The wages in Singapore are relatively substantial, with the median monthly salary in 2022 was S$5,070 (equivalent to approximately IDR 57.5 million).

In contrast, minimum wages in Indonesia vary significantly by province or city. For instance, the Governor of DKI Jakarta has set the Minimum Wage for 2023 in Jakarta at IDR 4,901,798 per month. The highest regional minimum wage (UMR) in Indonesia for 2023 is in Karawang Regency, West Java, at IDR 5,176,179 per month.

The Chairman of CentennialZ, Dinno Ardiansyah, highlighted the importance of addressing the challenges faced by the younger generation. He mentioned limited job opportunities, limited access to capital, high living costs, and significant wealth disparities as contributing factors.

Ardiansyah emphasized the need for the Indonesian government to create a more attractive labor market to prevent the loss of highly qualified human resources to other countries.
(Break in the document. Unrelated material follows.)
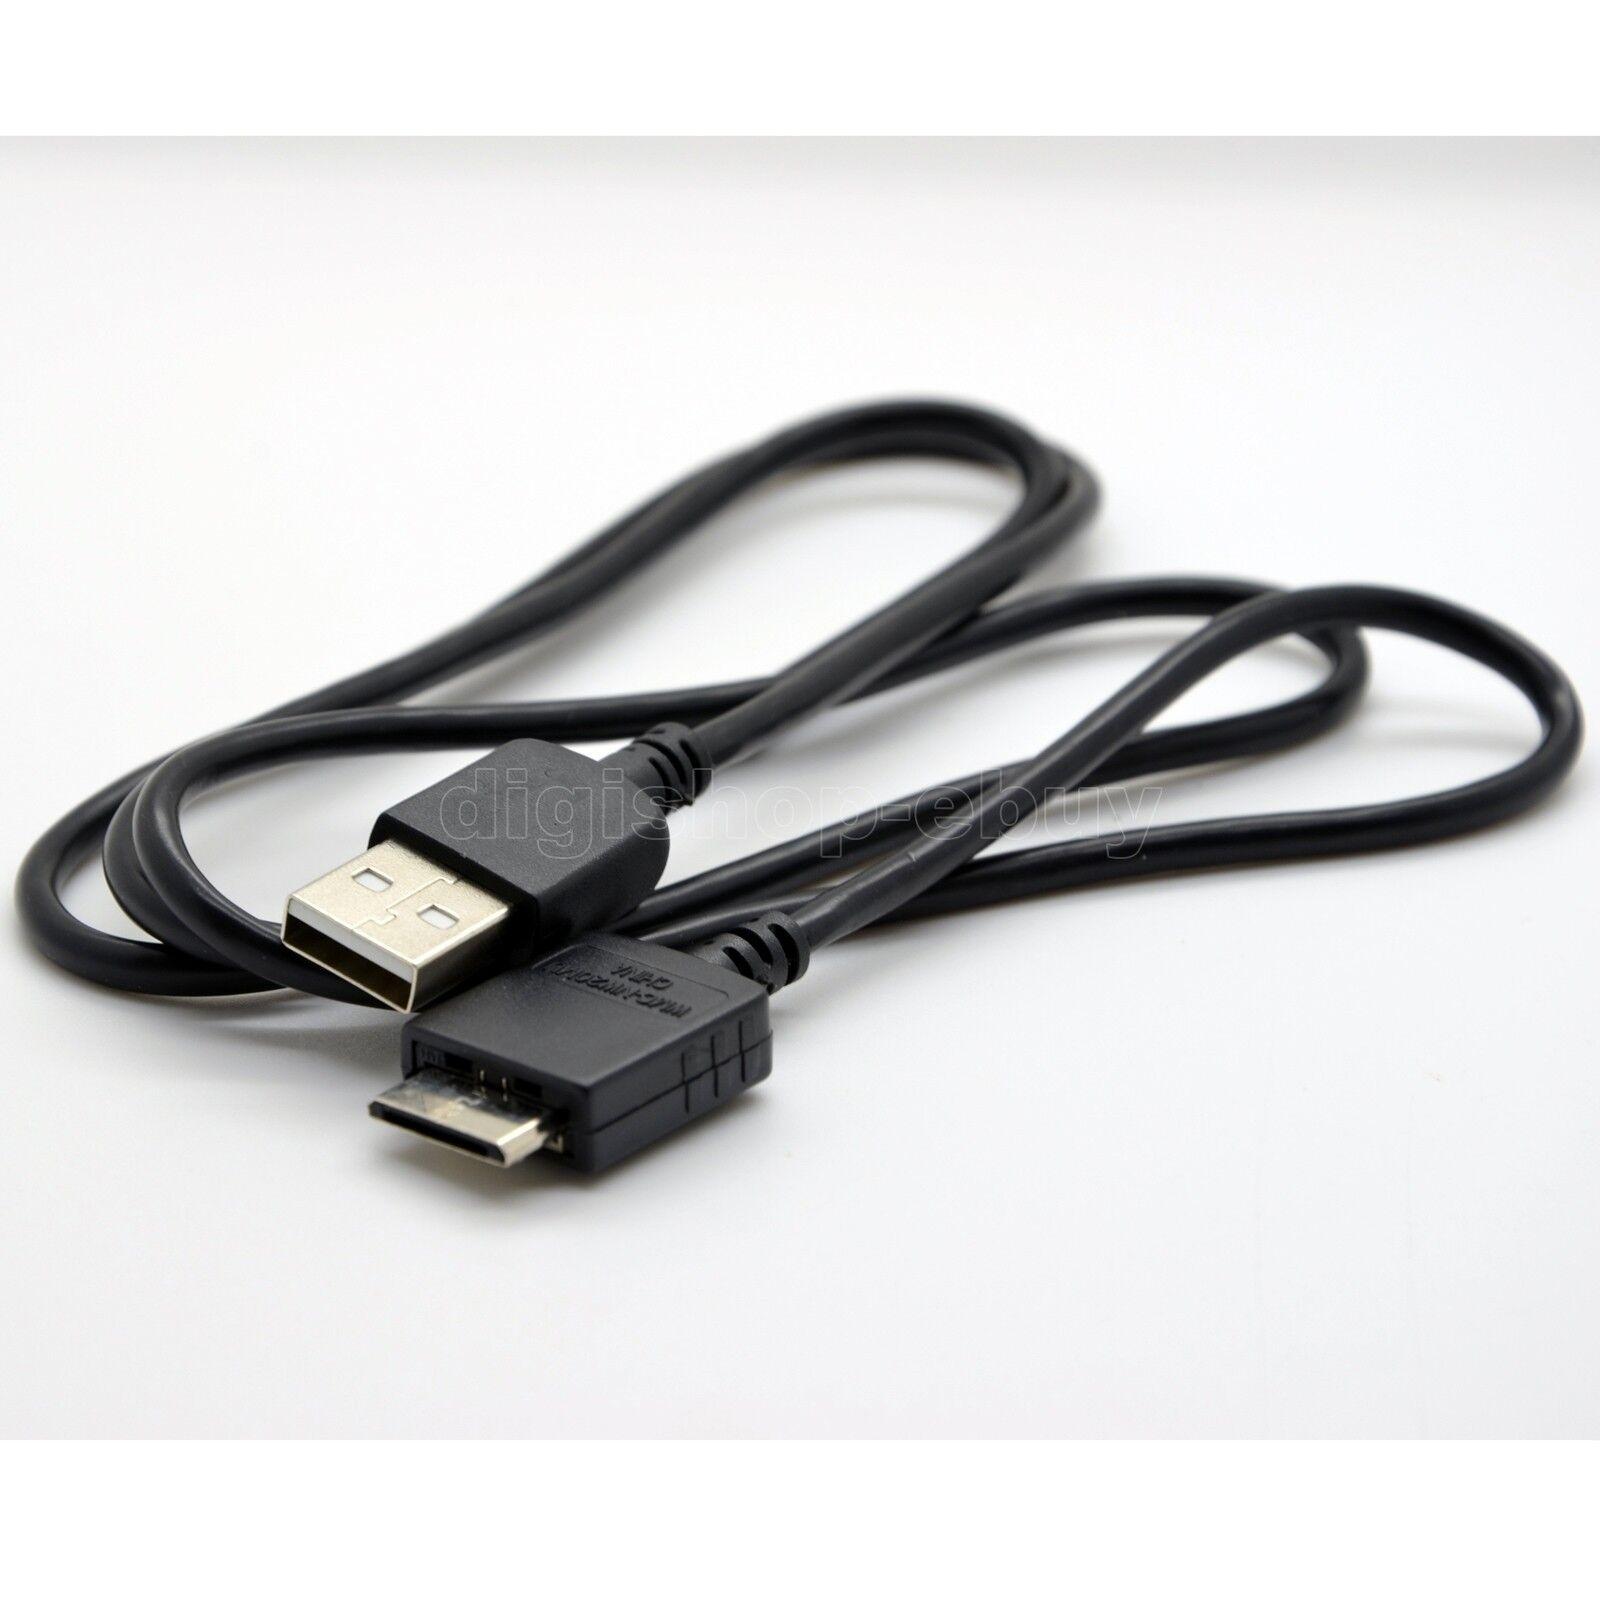 Cable de datos USB cable de carga para Sony NWZ-S618/F NWZ-S636/F NWZ-S638/F NWZ-S639/F

Dr. Tuti Budirahayu Dra Msi, a sociologist from Airlangga University, stated that the phenomenon of Indonesian students migrating to Singapore is a natural occurrence driven by push and pull factors.

Dr. Tuti explained that opportunities for better work, career advancement, and quality of life in Singapore are attractive factors for Indonesian citizens to consider changing their nationality.

She also stressed that this migration is a matter of individual human rights.

While the migration trend can have positive impacts on Indonesia’s reputation globally, there are potential negative consequences.

If migrants do not contribute to the development of their home regions, various sectors may be neglected due to a lack of human resources.

To prevent brain drain, the Indonesian government has initiated efforts such as the scholarship program offered by the Education Fund Management Agency (LPDP). This program requires scholarship recipients to return to Indonesia and work for at least two years following their studies abroad.

Rahmad Handoyo, a member of the Indonesian House of Representatives, emphasized the need to improve the employment system in Indonesia to prevent the younger generation from being enticed to become citizens of other countries.

He suggested reforms in the minimum wage system, easier access to healthcare, improved public transportation, and maintaining a pristine environment.

Indonesia’s ambassador to Singapore, Suryopratomo, acknowledged the phenomenon of Indonesian citizens migrating to Singapore but considered the number of 1,000 per year relatively small compared to the overall Indonesian population in Singapore, which includes 5,000 students and 160,000 domestic workers.